Sunday, April 8, 2012

Track.

I have a pimple on my nose. I wonder if there's a certain age when pimples just stop popping out from random areas of my face.

Which reminds me, I actually don't know how to do personal grooming on myself. I don't know how to shape my eyebrows or curl my eyelashes with mascara or that eyelash curler thingy. Wow, thingy doesn't have a red squiggle underneath it. I must've used that word so many times that I managed to fool Blogger to believe it's a real word. I don't know how to use anything in a make-up kit and I just found out about this thing called the bronzer just a month back. I don't use moisturizer or any sort of cream on my face and skin which prolly caused the pimple to sprout.

Or not. I could still have those oh-my-goodness-I'm-in-the-transition-of-being-a-hormonal-teenager-whut hormones inside my body.

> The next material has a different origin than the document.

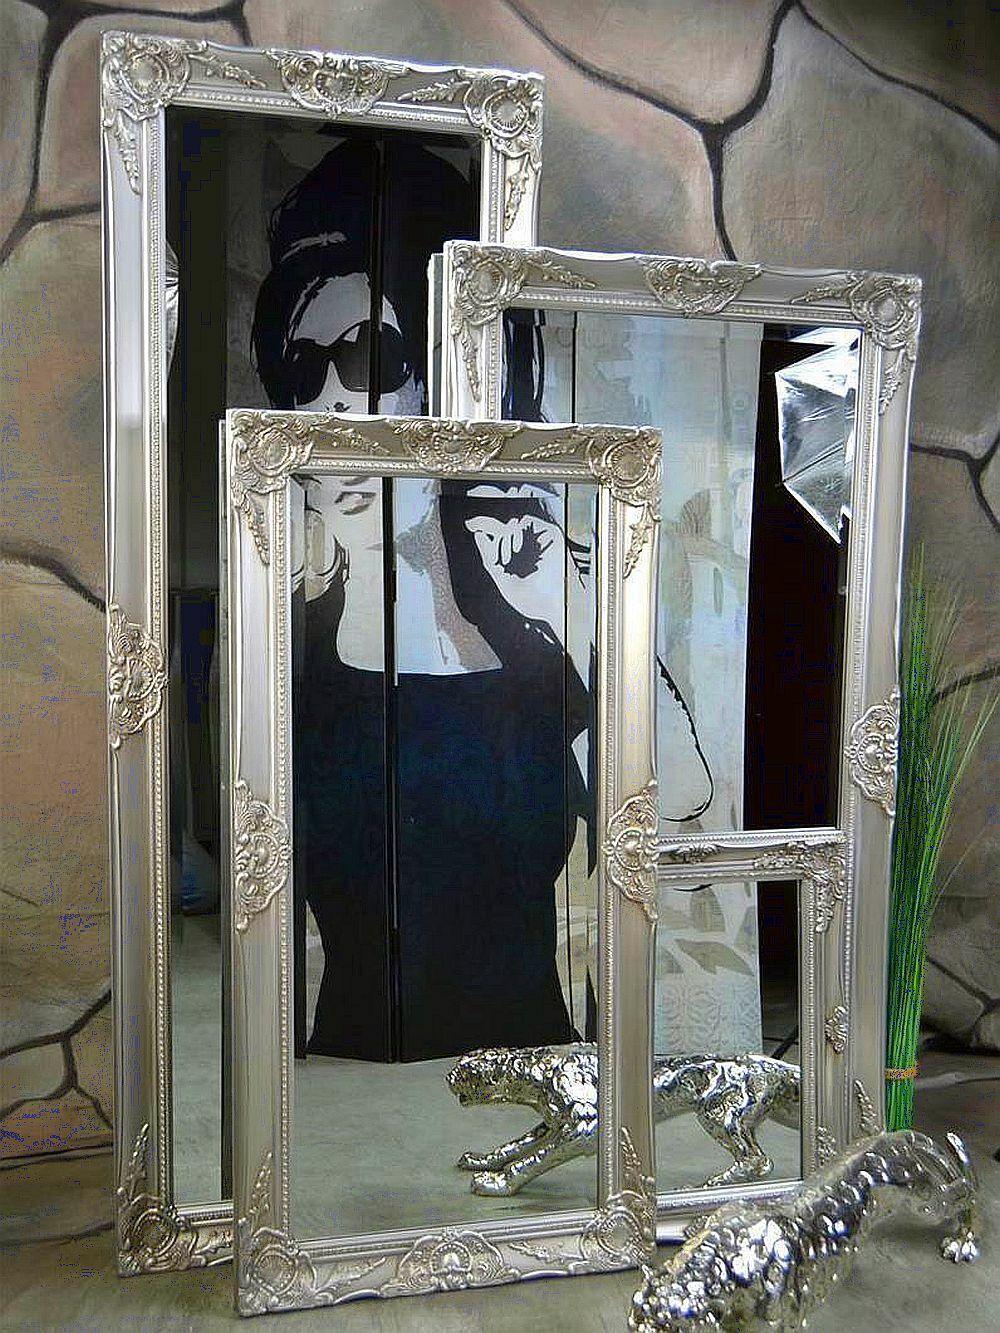 Wandspiegel Badspiegel Spiegel barock antik Silber Landhaus Rokoko 140 x 50cm

I'm not sure if this is going to be a plus point since this is as natural as anyone can get or just one of the many obstacles because I'm à la cavewoman when the search of a boyfriend in my university years begins.

Going into cosmetic shops like M.A.C or Sephora gives me the heebie jeebies because it is such an awkward place for a person who is a total lost when it comes to cosmetics to be. Put me in a big ass bookstore cramped with books or a two-floored CD shop filled with CDs on each shelf and you will summon the Gandhi in me. The smell of new books and the feeling of the plastic wrapper of an unopened CD has some kind of therapeutic effect on my body because my body just goes on calm mode. But a Bobbi Brown or uhm, insert-some-random-female-name-that-sounds-like-an-expensive-cosmetic-brand shop? Awkwaarrddd.

I might be the only girl among people my age who is all 'no thank you, make-up. I'm happy with the sebum resting on my face'. Maybe in five years' time, I'll be one of those people who goes into these shops to get the finest concealer. Har har.